==== Given data ====

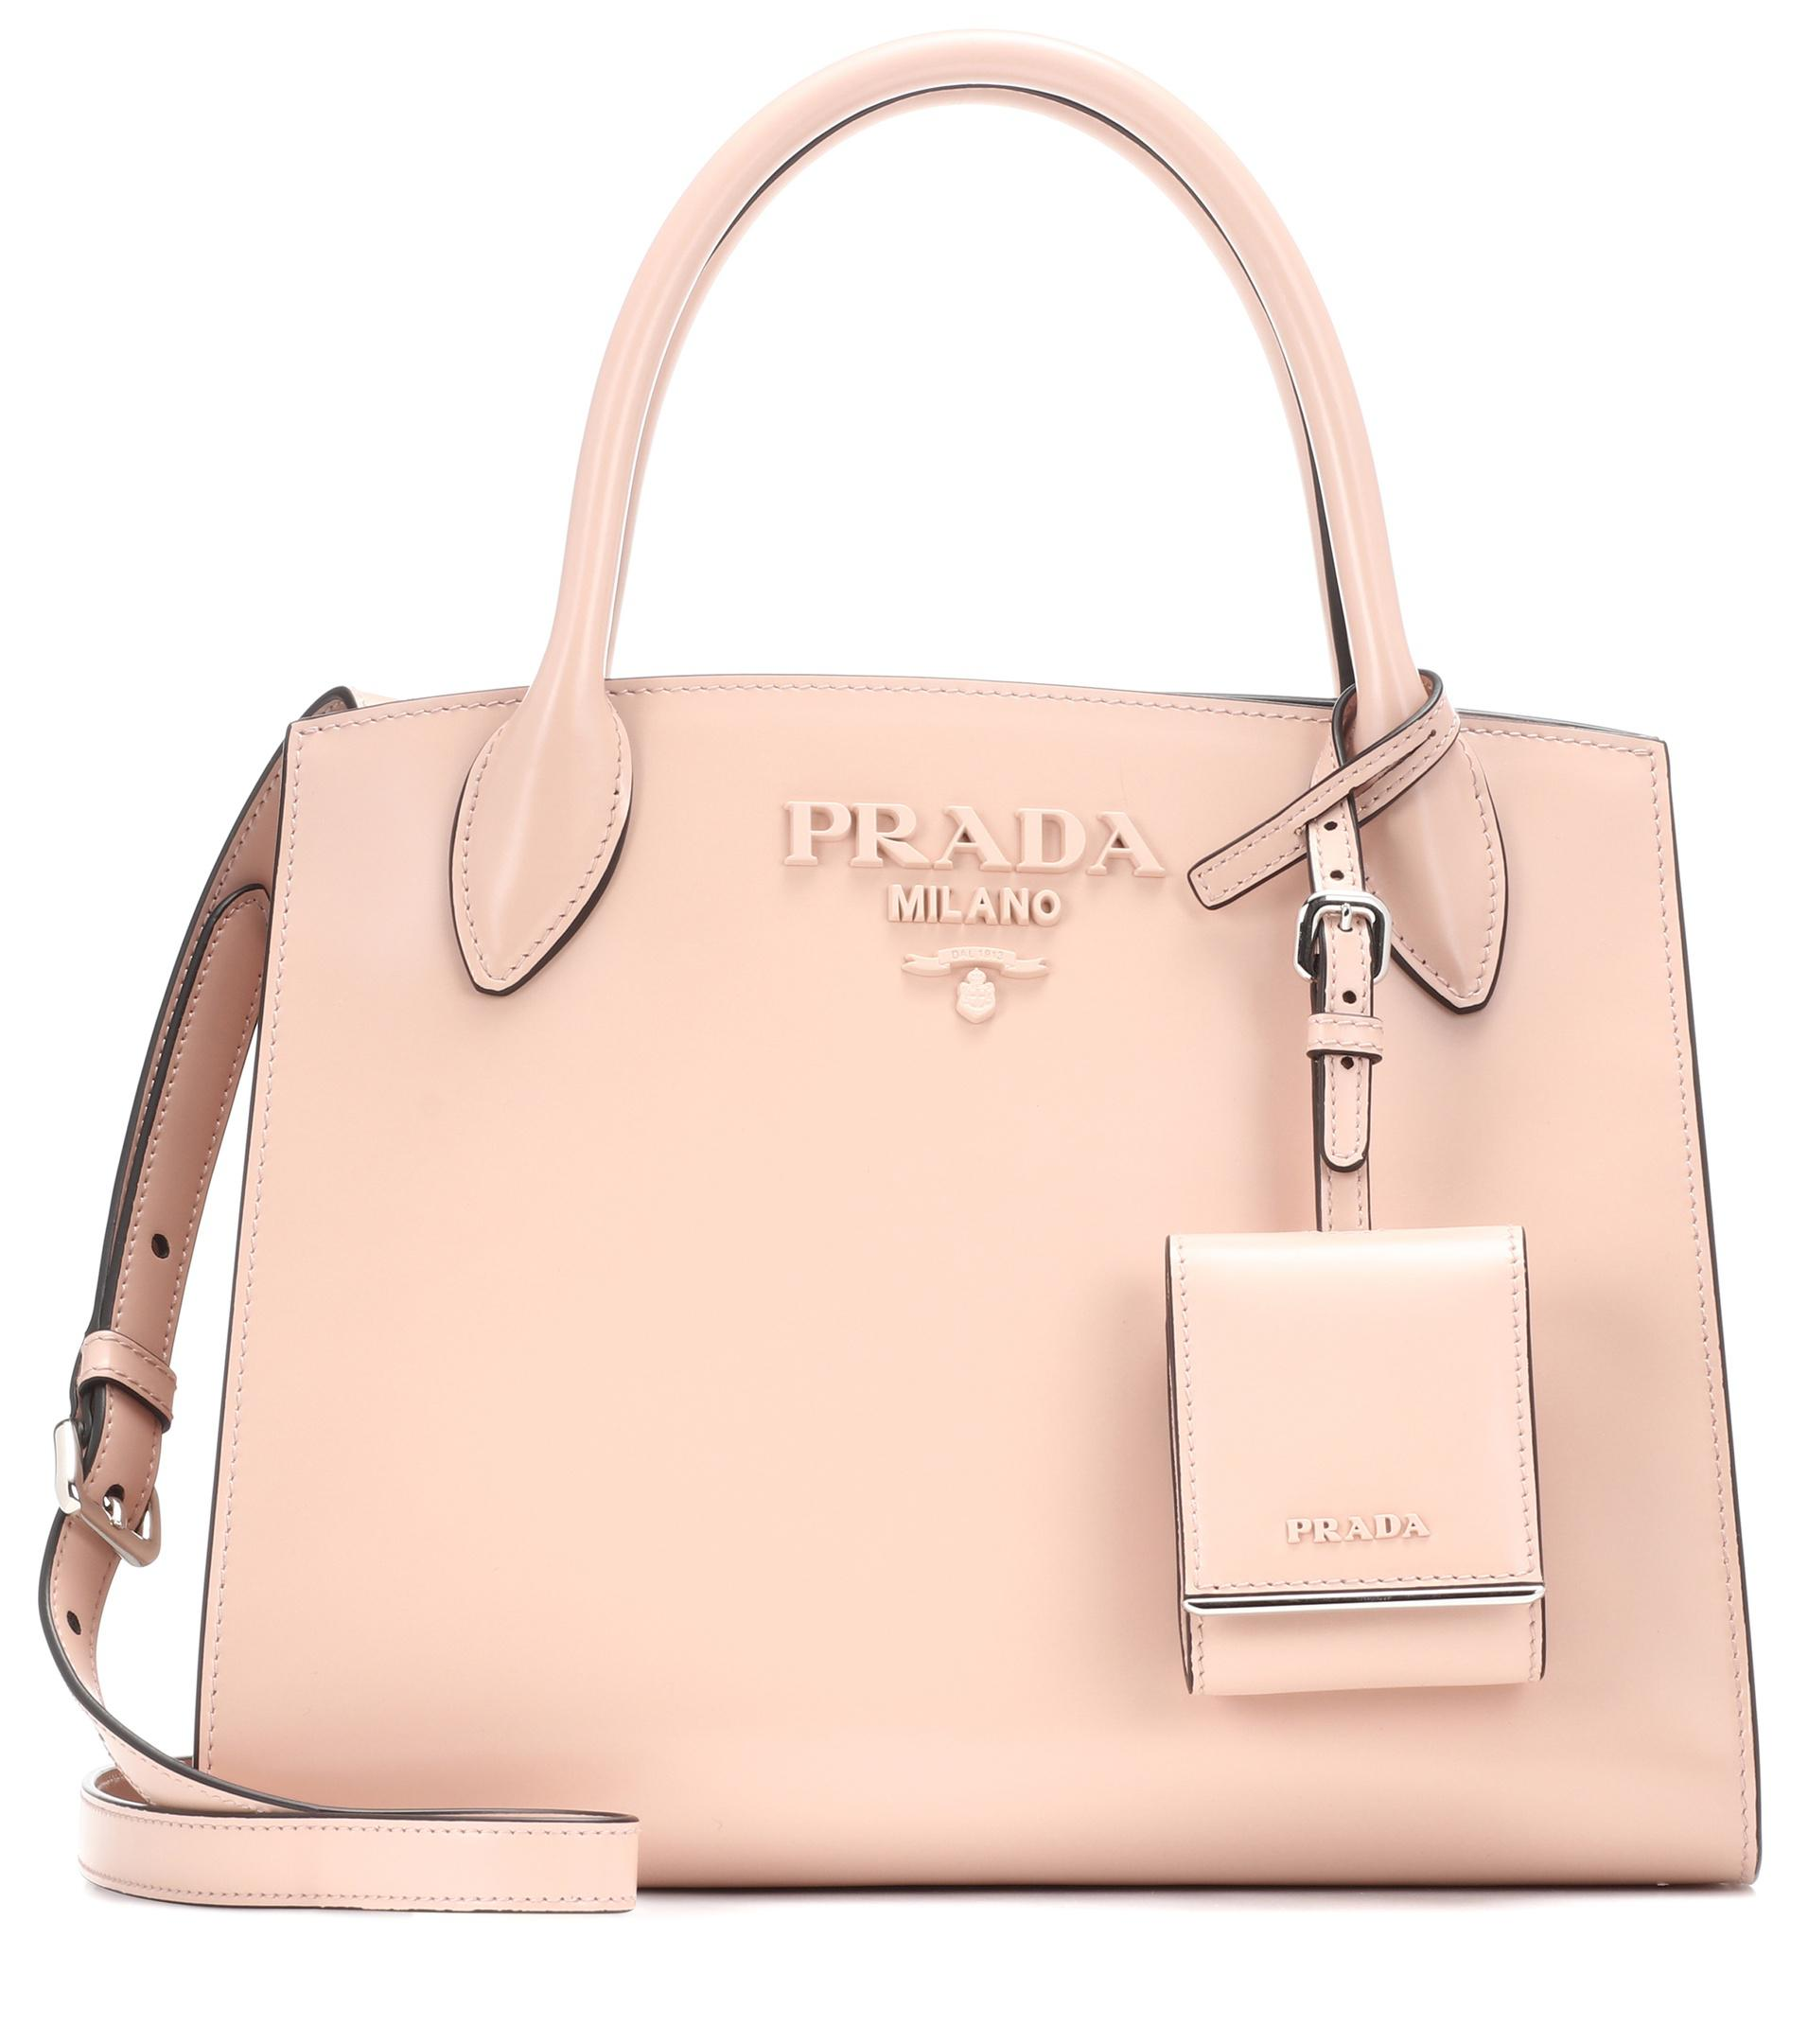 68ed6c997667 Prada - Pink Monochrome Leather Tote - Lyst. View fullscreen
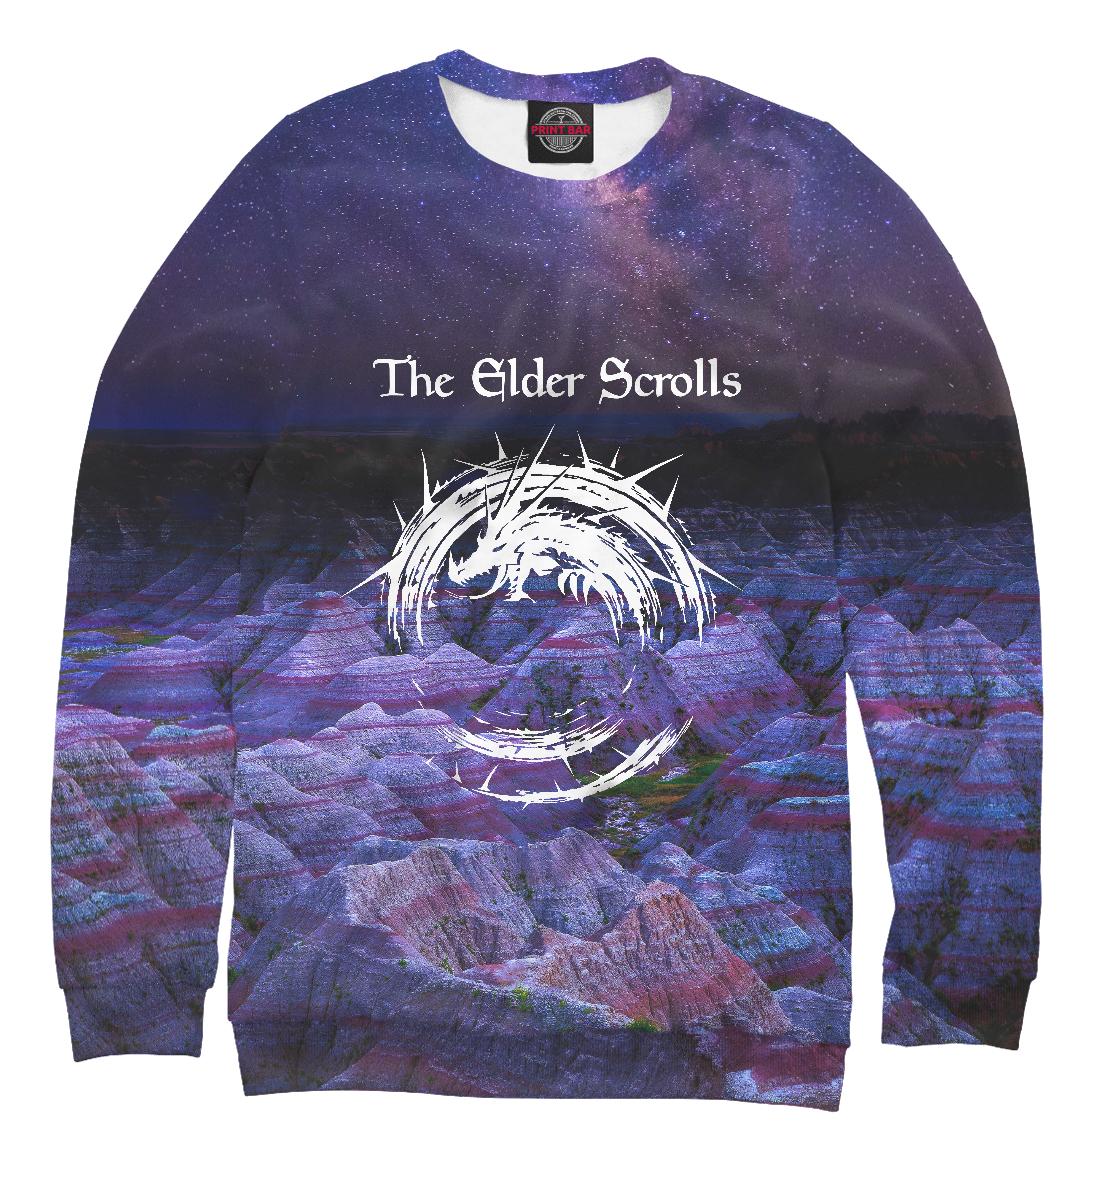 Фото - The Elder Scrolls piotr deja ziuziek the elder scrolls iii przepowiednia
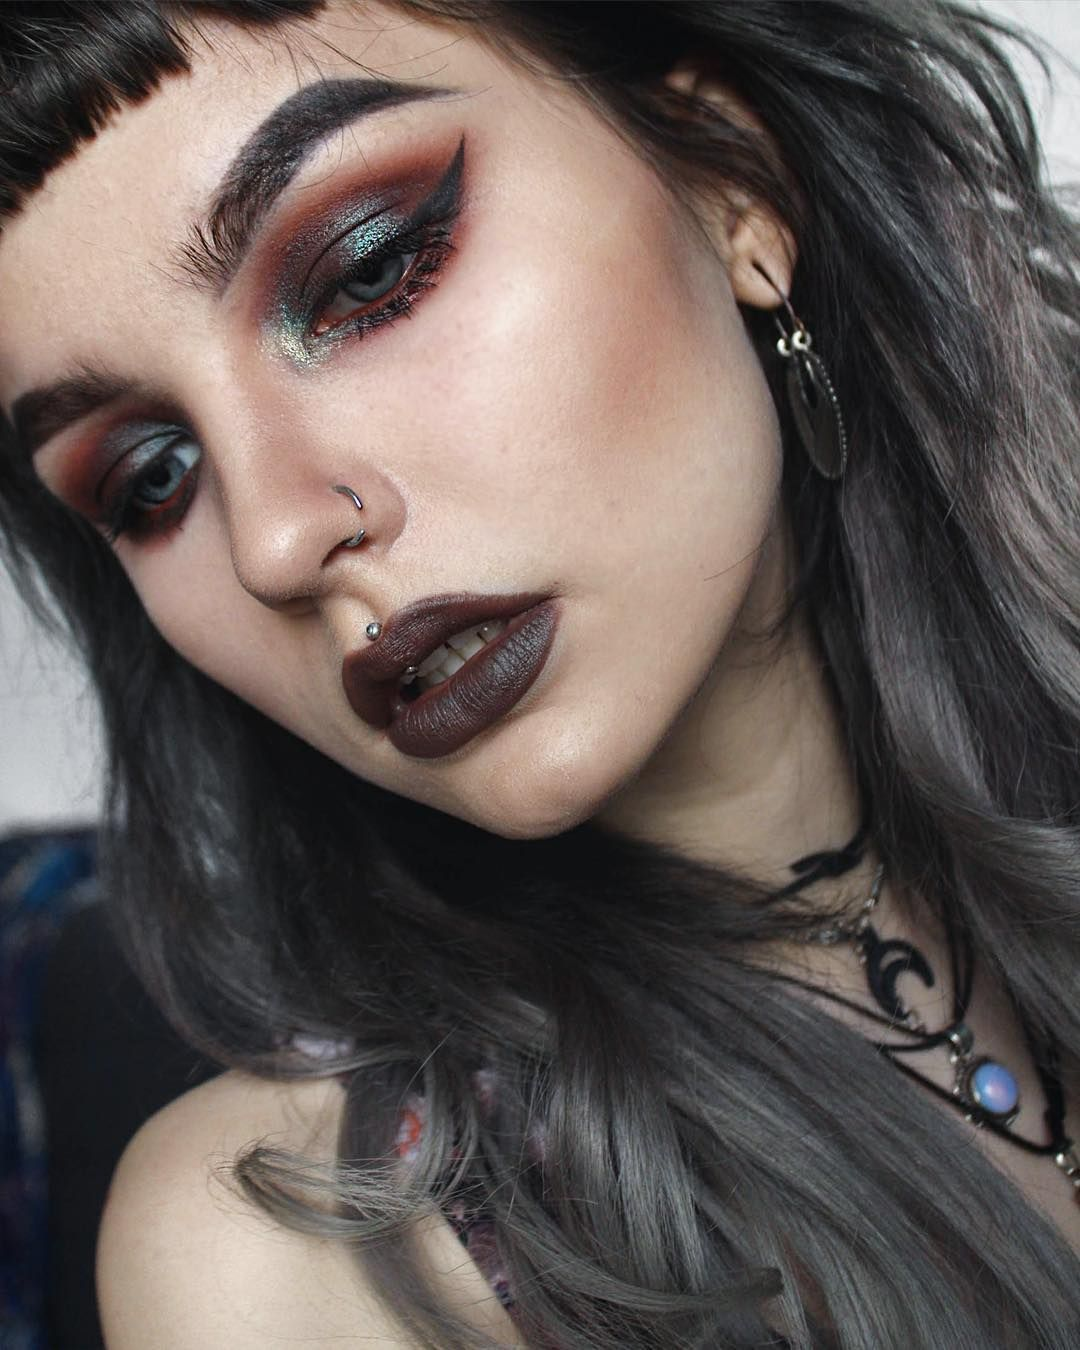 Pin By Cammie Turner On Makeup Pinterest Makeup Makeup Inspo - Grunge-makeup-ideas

====

Work required — The answer should be the full material above, printed exactly, with no pictures in it.

Task response —
 68ed6c997667 Prada - Pink Monochrome Leather Tote - Lyst. View fullscreen
 Фото - The Elder Scrolls piotr deja ziuziek the elder scrolls iii przepowiednia
 Pin By Cammie Turner On Makeup Pinterest Makeup Makeup Inspo - Grunge-makeup-ideas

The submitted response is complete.